What you will do — Only the lines below starting at the one that contains "Features - Koala" and ending at the one that contains "Buy Disnie Non-stick" are to be reproduced, exactly and with both ends kept.

[Items from a dataset]

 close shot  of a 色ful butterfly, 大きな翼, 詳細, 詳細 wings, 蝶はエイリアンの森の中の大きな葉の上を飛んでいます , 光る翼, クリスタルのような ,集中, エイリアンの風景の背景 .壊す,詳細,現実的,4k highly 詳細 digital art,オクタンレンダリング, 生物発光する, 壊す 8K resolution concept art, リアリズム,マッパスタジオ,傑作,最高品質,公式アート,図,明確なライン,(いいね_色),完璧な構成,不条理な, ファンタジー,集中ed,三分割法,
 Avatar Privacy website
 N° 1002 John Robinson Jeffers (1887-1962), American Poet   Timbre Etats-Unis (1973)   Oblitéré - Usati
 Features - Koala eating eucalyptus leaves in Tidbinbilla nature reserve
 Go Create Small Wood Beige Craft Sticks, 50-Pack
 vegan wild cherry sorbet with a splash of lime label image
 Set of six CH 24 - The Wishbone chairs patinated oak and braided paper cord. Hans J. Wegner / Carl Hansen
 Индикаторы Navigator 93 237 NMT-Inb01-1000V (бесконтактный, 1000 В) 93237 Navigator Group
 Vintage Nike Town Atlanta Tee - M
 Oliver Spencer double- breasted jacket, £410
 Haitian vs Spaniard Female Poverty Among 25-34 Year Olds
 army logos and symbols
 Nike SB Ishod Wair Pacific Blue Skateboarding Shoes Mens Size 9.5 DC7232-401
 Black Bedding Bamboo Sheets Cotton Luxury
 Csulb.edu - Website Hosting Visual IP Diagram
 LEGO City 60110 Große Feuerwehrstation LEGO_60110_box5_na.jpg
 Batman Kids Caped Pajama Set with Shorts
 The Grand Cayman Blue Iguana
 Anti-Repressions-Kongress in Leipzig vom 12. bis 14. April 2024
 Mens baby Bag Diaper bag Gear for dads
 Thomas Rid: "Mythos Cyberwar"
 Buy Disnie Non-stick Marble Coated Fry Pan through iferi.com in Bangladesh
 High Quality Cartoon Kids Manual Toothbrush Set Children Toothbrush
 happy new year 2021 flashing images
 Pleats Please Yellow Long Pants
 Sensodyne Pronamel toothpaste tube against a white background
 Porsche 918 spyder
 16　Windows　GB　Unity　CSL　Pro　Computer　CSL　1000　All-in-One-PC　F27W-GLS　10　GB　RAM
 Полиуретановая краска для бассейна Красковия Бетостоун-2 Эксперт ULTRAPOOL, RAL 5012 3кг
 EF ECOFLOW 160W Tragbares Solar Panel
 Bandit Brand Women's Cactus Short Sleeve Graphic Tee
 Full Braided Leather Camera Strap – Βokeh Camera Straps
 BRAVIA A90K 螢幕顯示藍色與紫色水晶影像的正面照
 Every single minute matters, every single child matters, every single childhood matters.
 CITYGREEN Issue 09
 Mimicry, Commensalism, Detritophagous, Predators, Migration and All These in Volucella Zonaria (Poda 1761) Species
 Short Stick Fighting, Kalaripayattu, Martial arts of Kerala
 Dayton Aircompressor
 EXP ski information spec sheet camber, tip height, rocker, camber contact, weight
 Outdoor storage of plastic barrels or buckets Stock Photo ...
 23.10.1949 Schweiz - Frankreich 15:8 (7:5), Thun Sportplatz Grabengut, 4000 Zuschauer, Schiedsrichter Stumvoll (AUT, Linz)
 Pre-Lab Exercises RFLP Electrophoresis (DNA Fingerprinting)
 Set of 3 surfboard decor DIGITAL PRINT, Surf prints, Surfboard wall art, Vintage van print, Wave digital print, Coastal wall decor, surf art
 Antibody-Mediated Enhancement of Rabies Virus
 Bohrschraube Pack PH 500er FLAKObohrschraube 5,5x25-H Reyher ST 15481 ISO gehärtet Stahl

Solution —
 Features - Koala eating eucalyptus leaves in Tidbinbilla nature reserve
 Go Create Small Wood Beige Craft Sticks, 50-Pack
 vegan wild cherry sorbet with a splash of lime label image
 Set of six CH 24 - The Wishbone chairs patinated oak and braided paper cord. Hans J. Wegner / Carl Hansen
 Индикаторы Navigator 93 237 NMT-Inb01-1000V (бесконтактный, 1000 В) 93237 Navigator Group
 Vintage Nike Town Atlanta Tee - M
 Oliver Spencer double- breasted jacket, £410
 Haitian vs Spaniard Female Poverty Among 25-34 Year Olds
 army logos and symbols
 Nike SB Ishod Wair Pacific Blue Skateboarding Shoes Mens Size 9.5 DC7232-401
 Black Bedding Bamboo Sheets Cotton Luxury
 Csulb.edu - Website Hosting Visual IP Diagram
 LEGO City 60110 Große Feuerwehrstation LEGO_60110_box5_na.jpg
 Batman Kids Caped Pajama Set with Shorts
 The Grand Cayman Blue Iguana
 Anti-Repressions-Kongress in Leipzig vom 12. bis 14. April 2024
 Mens baby Bag Diaper bag Gear for dads
 Thomas Rid: "Mythos Cyberwar"
 Buy Disnie Non-stick Marble Coated Fry Pan through iferi.com in Bangladesh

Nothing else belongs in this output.